====== Data to use
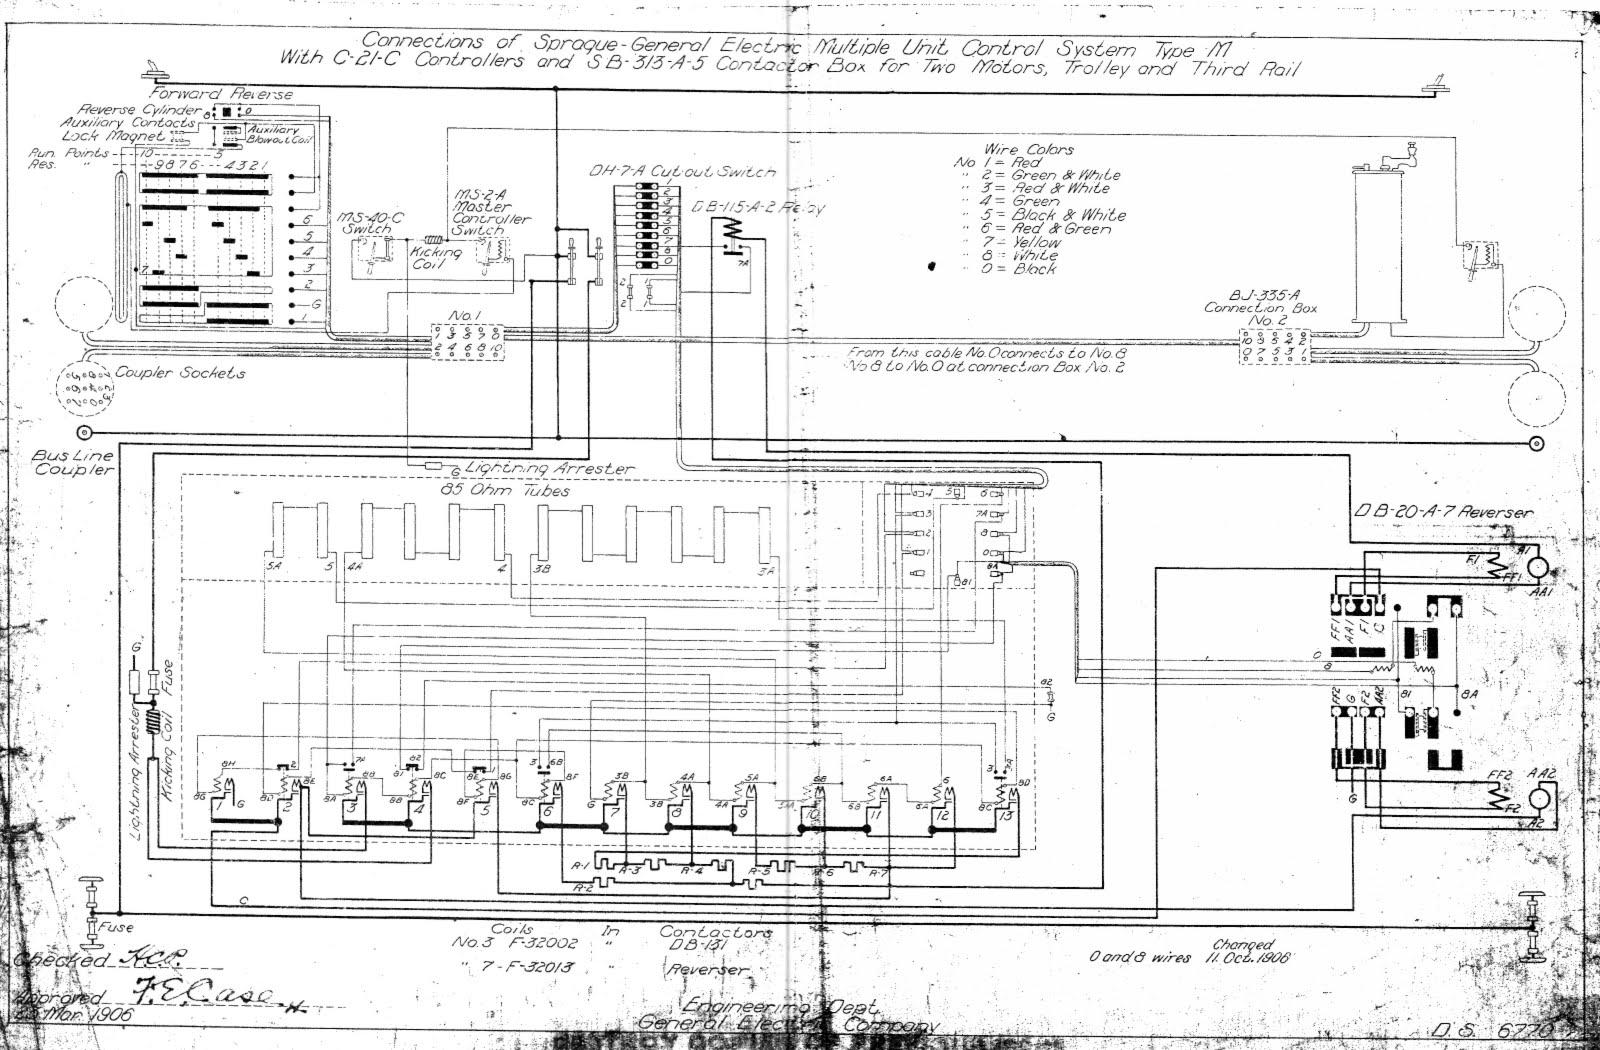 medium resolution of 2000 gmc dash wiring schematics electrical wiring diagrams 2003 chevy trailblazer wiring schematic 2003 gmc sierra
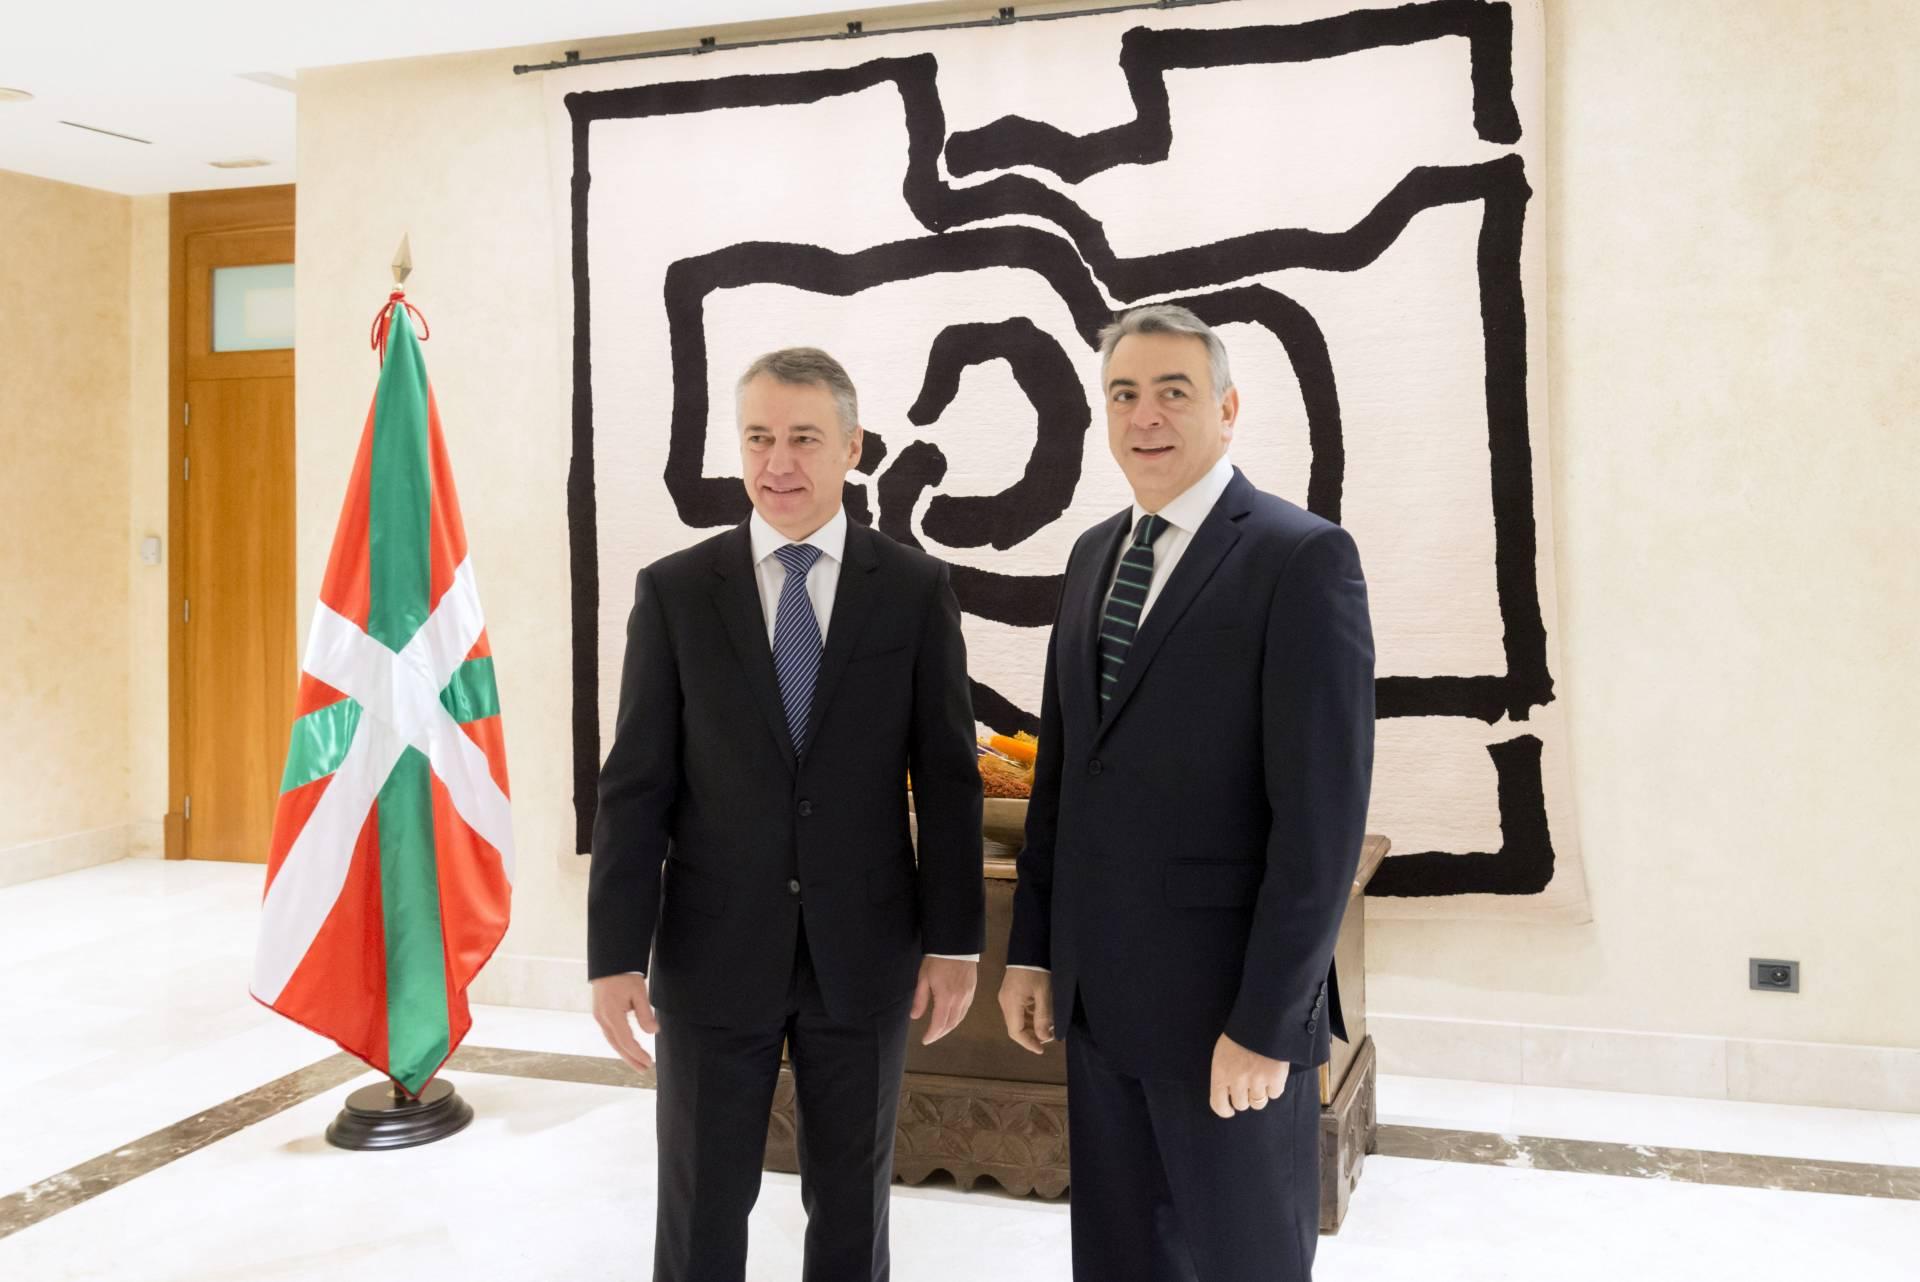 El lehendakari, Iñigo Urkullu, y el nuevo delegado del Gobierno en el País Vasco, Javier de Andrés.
============
====== Data to use
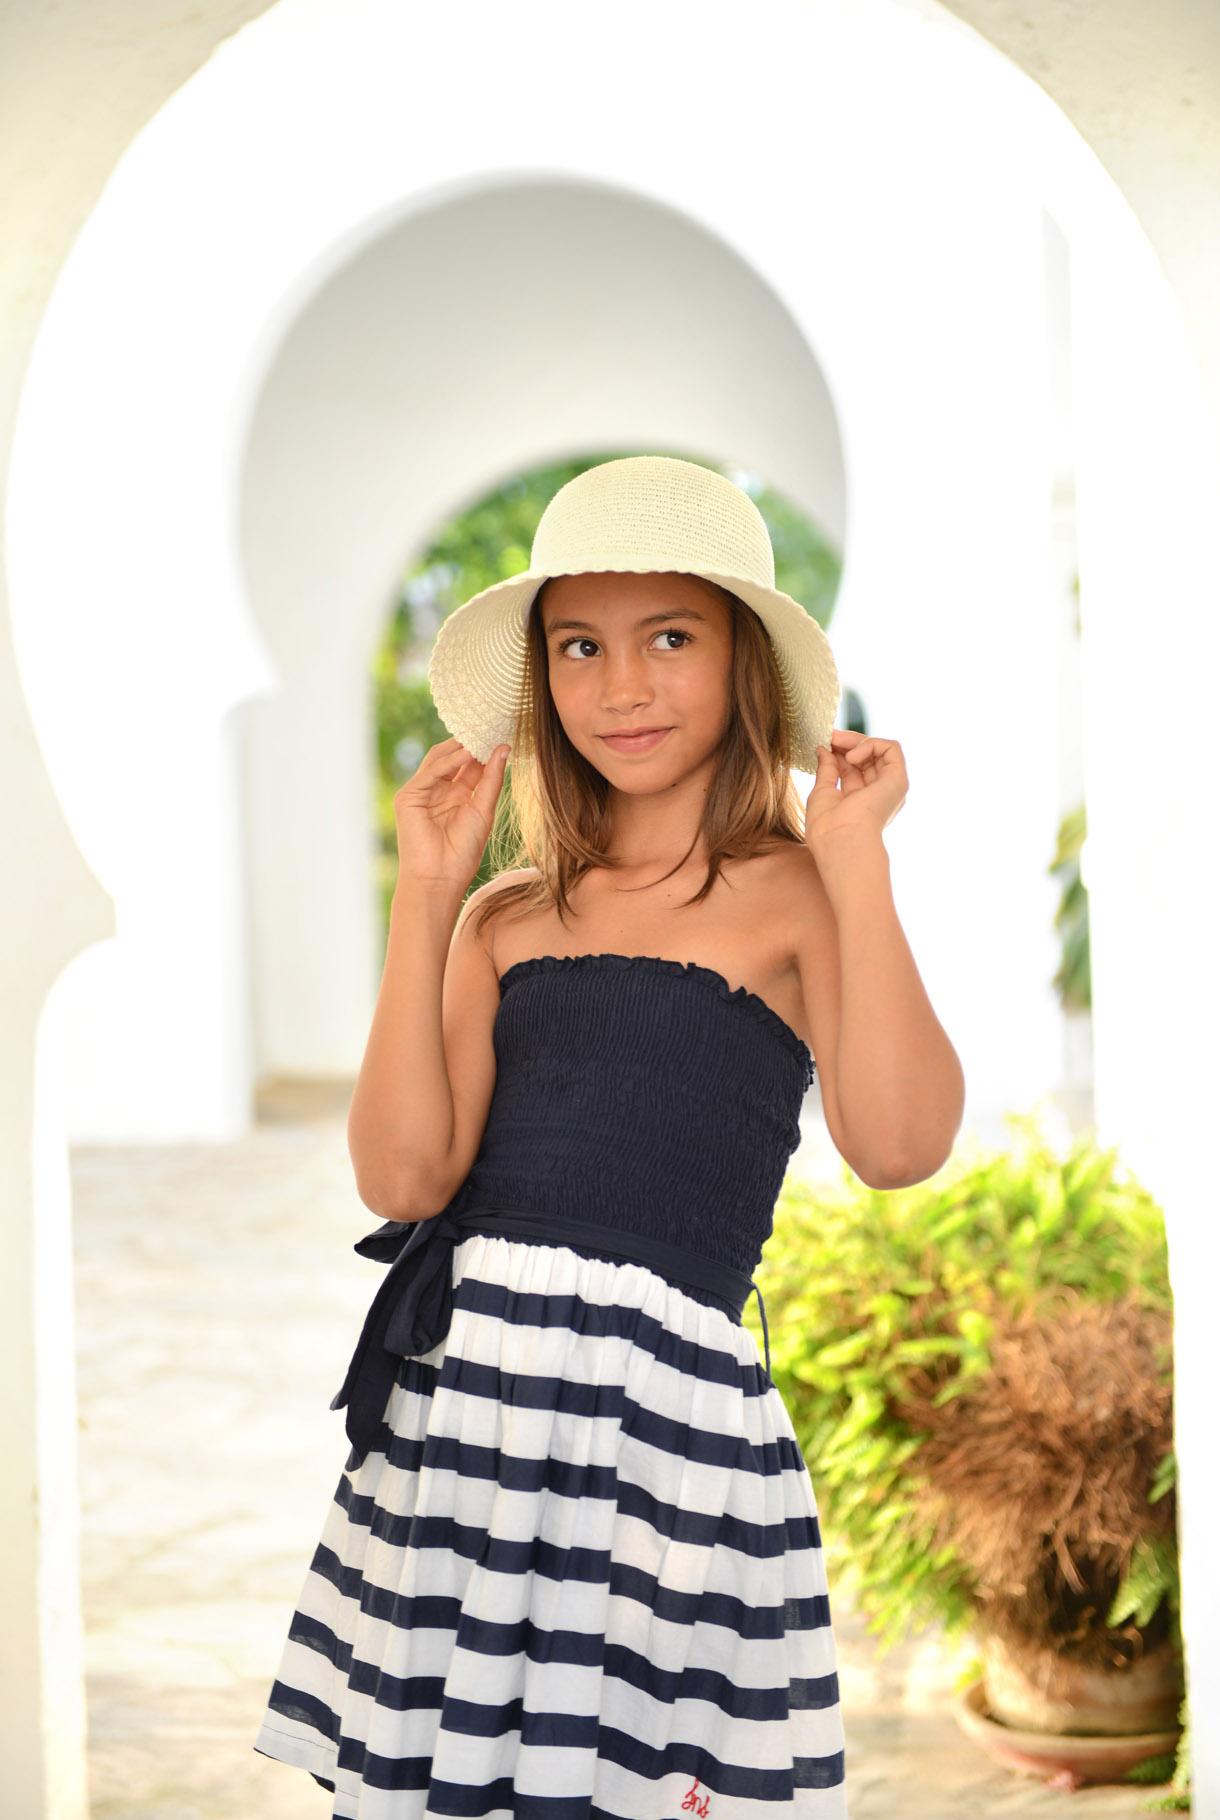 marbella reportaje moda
============
====== Data to use
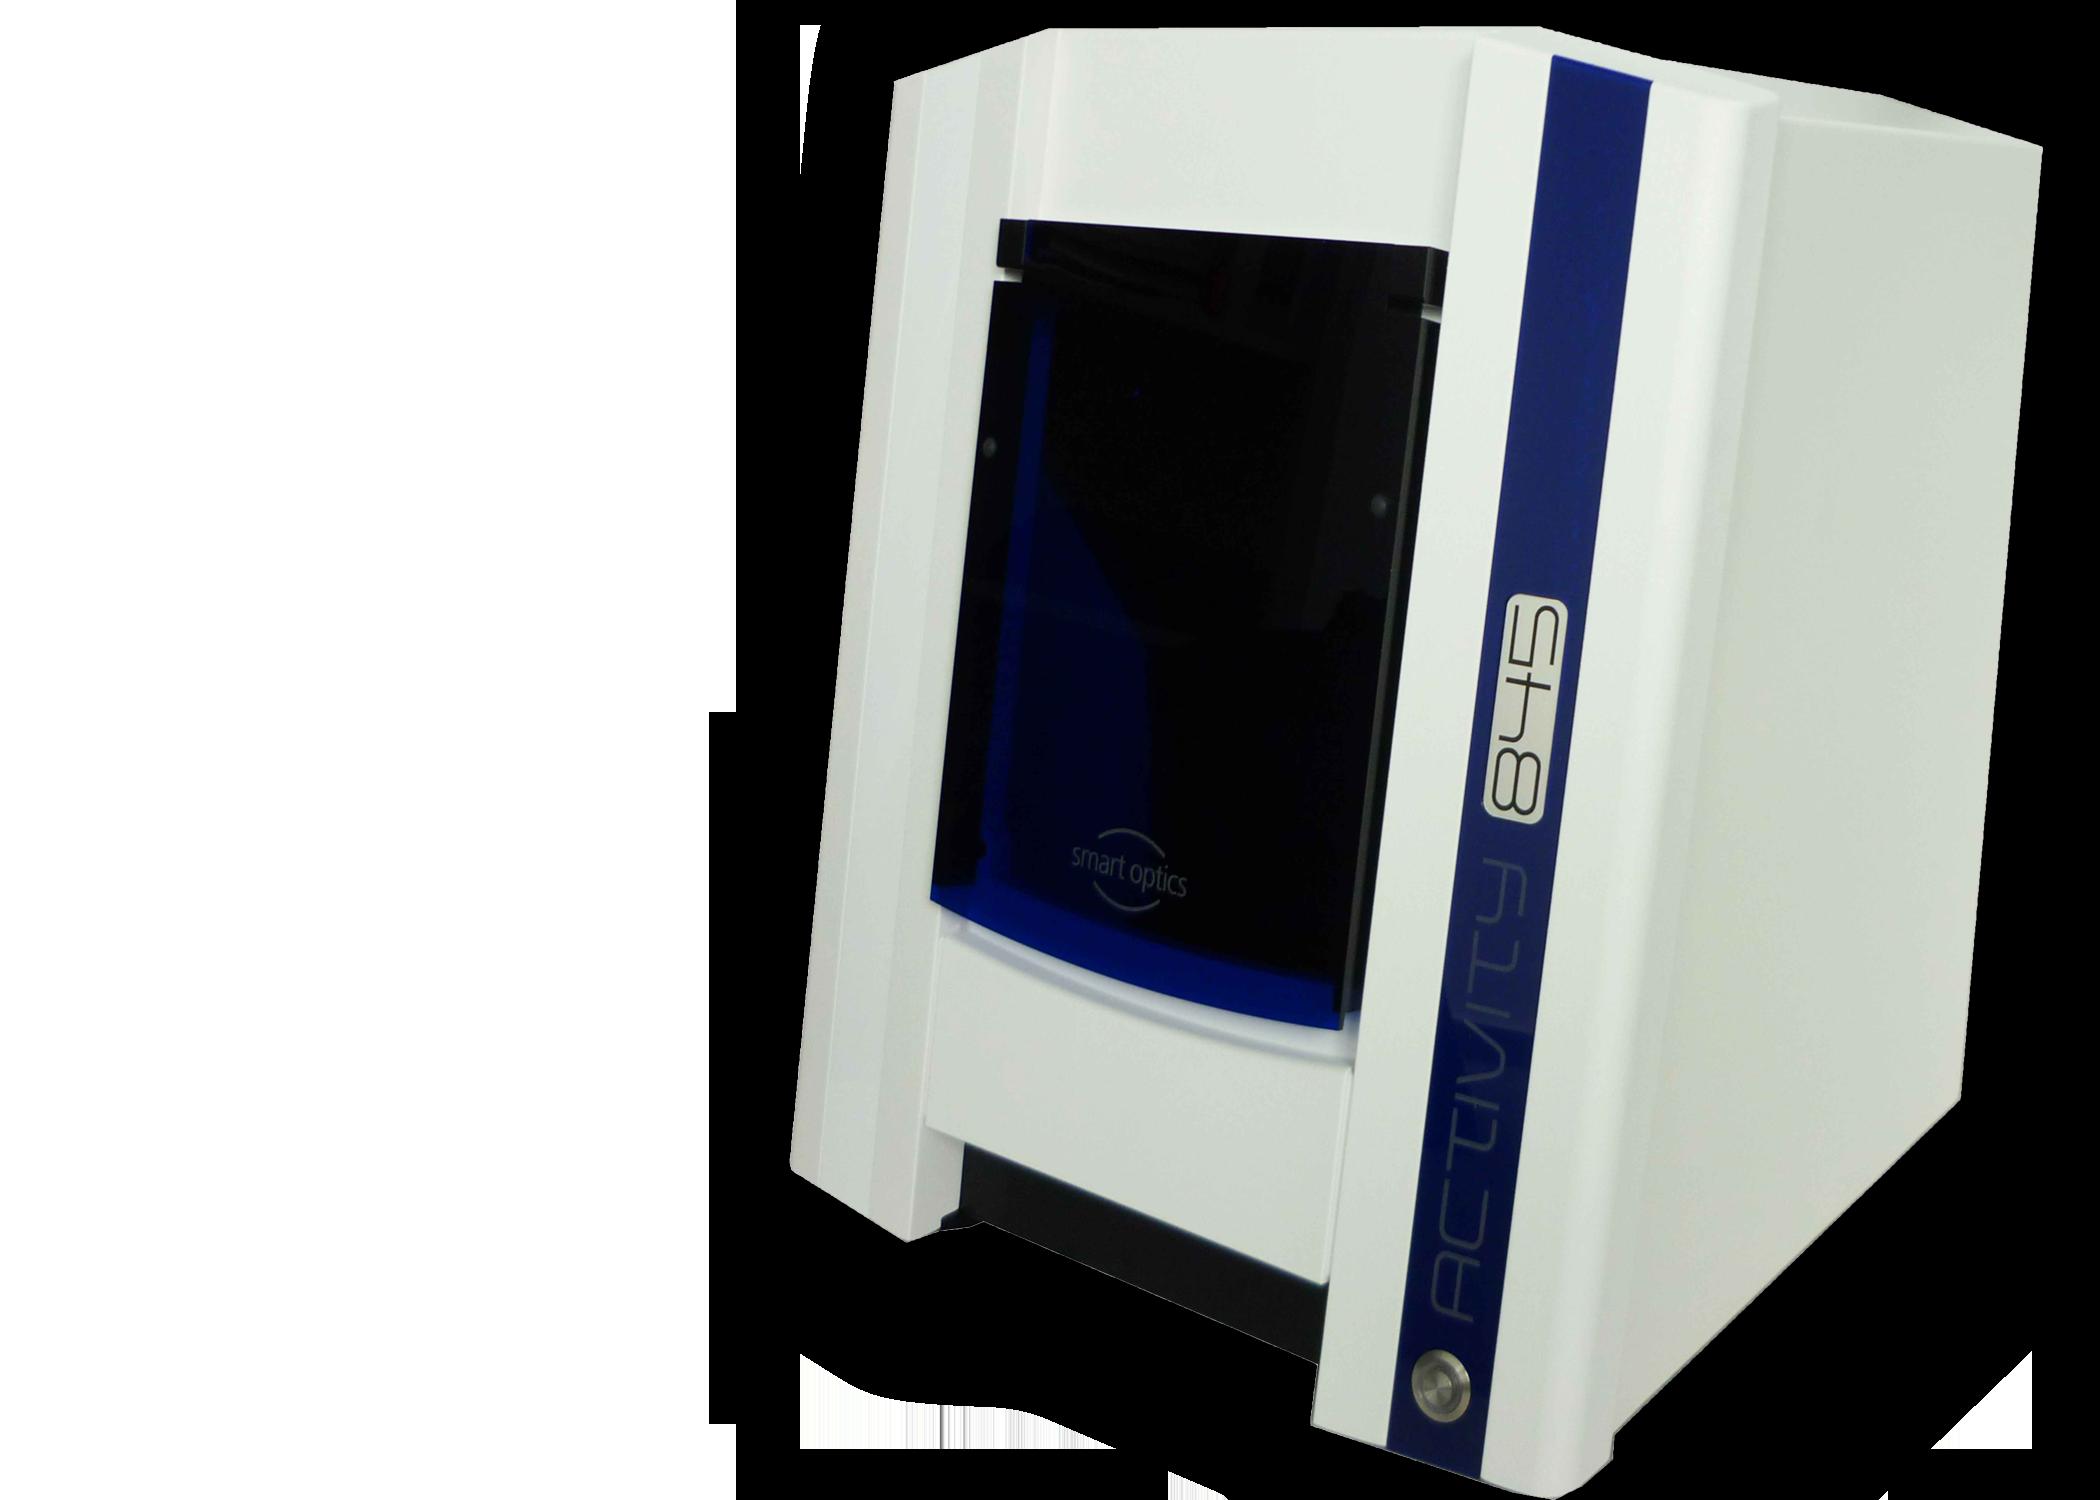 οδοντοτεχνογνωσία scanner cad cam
============
Every line above from the one with "medium resolution of" down to the one with "El lehendakari, Iñigo" must be written out exactly, and no picture may appear.

 medium resolution of 2000 gmc dash wiring schematics electrical wiring diagrams 2003 chevy trailblazer wiring schematic 2003 gmc sierra
 El lehendakari, Iñigo Urkullu, y el nuevo delegado del Gobierno en el País Vasco, Javier de Andrés.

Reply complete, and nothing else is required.